I keep beating my head against the (xenonite) wall trying to find a solid why for there to be no perceptible light level reaching the surface of Erid.
Star is too dim? No, Keid is dimmer than Sol but it is still a bright, cheerfully orange star. Atmosphere is too dense? I mean if it just kept going and going and going sure, but it doesn't. There's a rocky surface down there. Venus has roughly triple the atmospheric pressure of Erid, right? Per the measurements taken in the 70s, the surface of Venus is still receiving somewhere between 4,000-14,000 Lux. It's not pitch dark. You can still see when outside under a heavy, thick thunderstorm, right? You know your eyes can navigate a sidewalk with access to literally 1 Lux, right? Is Erid's atmosphere really that much thicker than Venus'? Or something in the atmospheric composition just absorbs that much red-orange spectrum light? Something that isn't a clear gas like ammonia and nitrogen? Is there just supposed to be that much water vapor? Something like nitrogen dioxide?
I have no issue running with the idea that their evolution zigged towards sonar instead of zagging the way ours did (early on) towards eye spots to notice day vs night.
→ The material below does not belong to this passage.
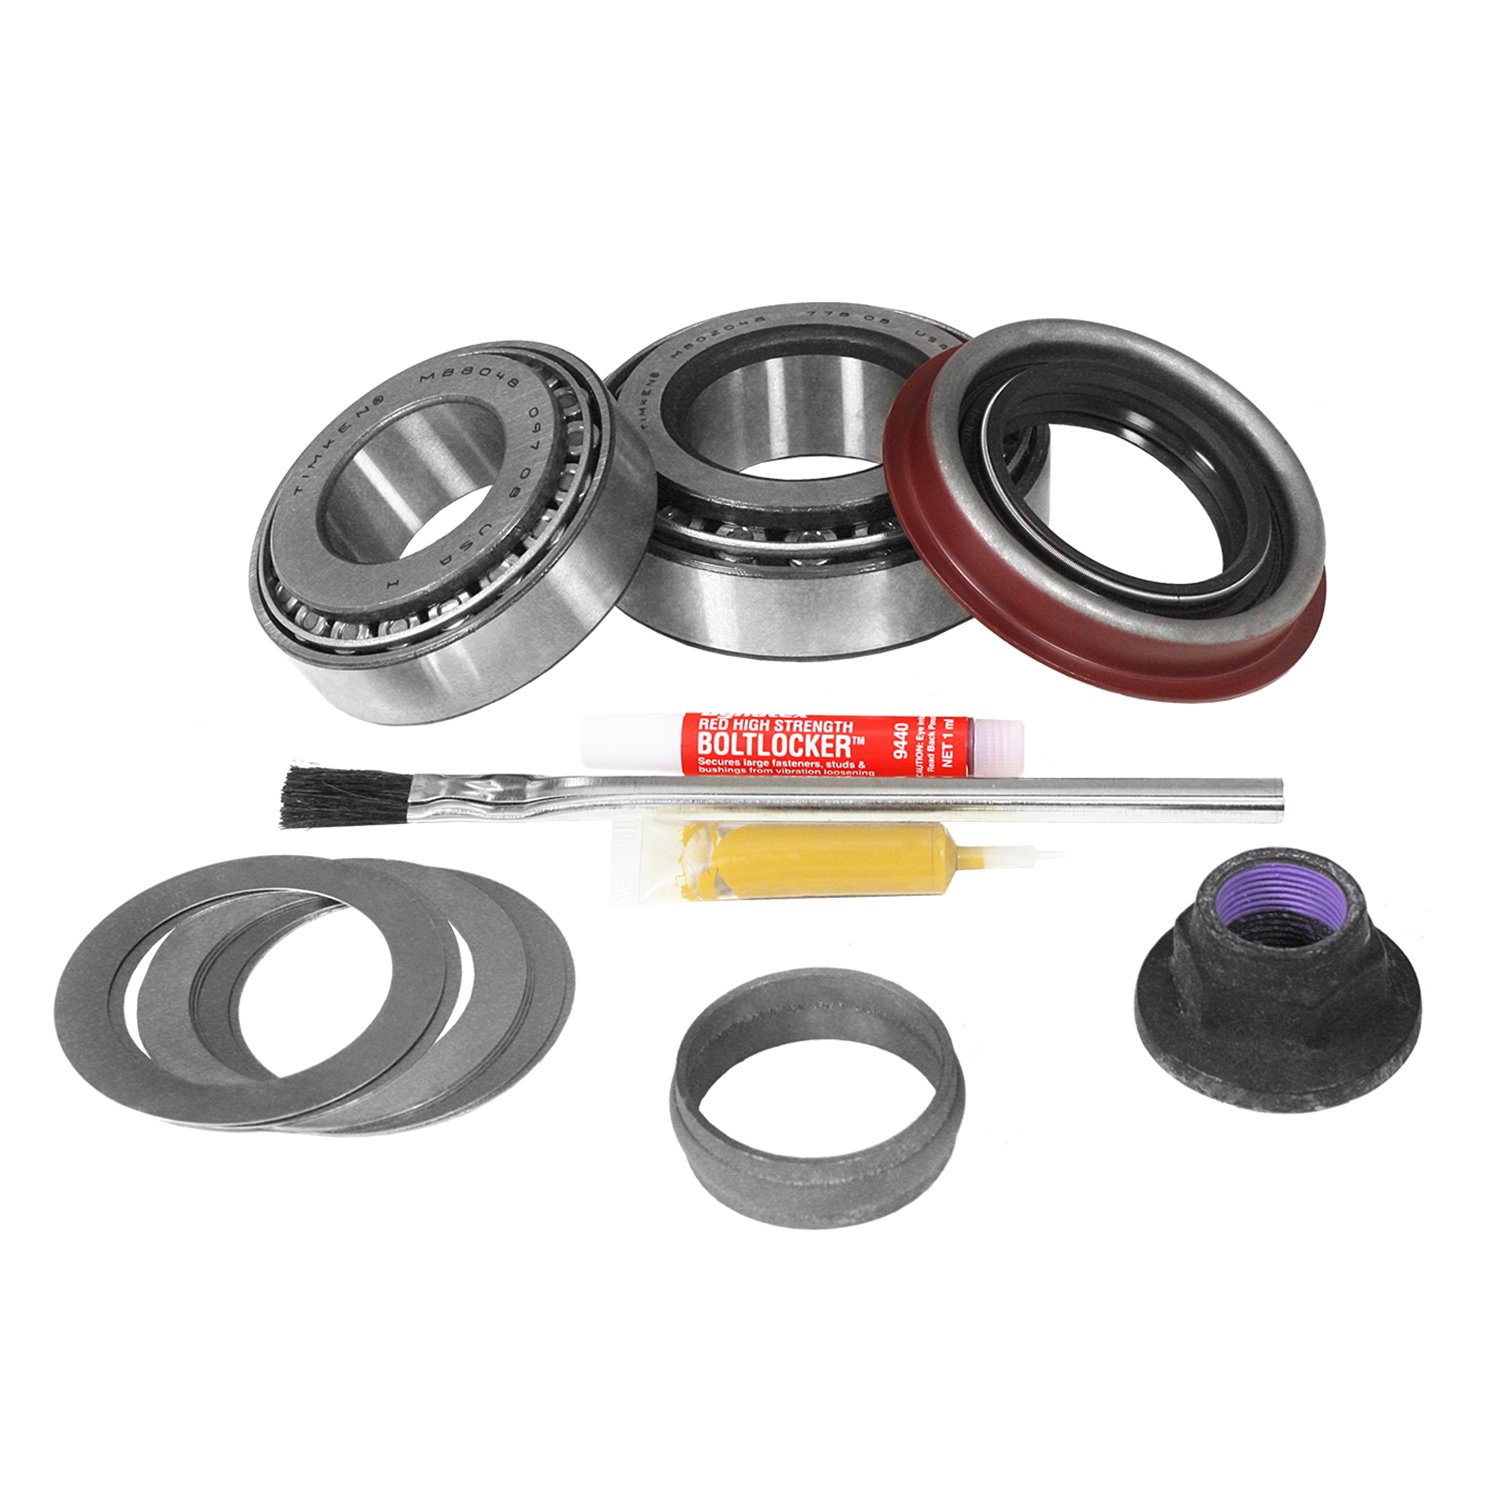 Pinion Install Kit For '00-'07 Ford 9.75 in. Diff With '11-Up Ring & Pinion

Evolution is messy. But to me, that gets framed in the novel as being due to the atmosphere more than the (ridiculously) short planetary rotation. Having distinct circadian patterns isn't as useful when the experience is closer to someone standing there flicking the switch of some dim, ambient mood lighting on and off.
But why insist zero visible light reaches the surface? Is there a reason I'm missing here? Or is this entirely a 'what if it did tho' being framed as a done deal?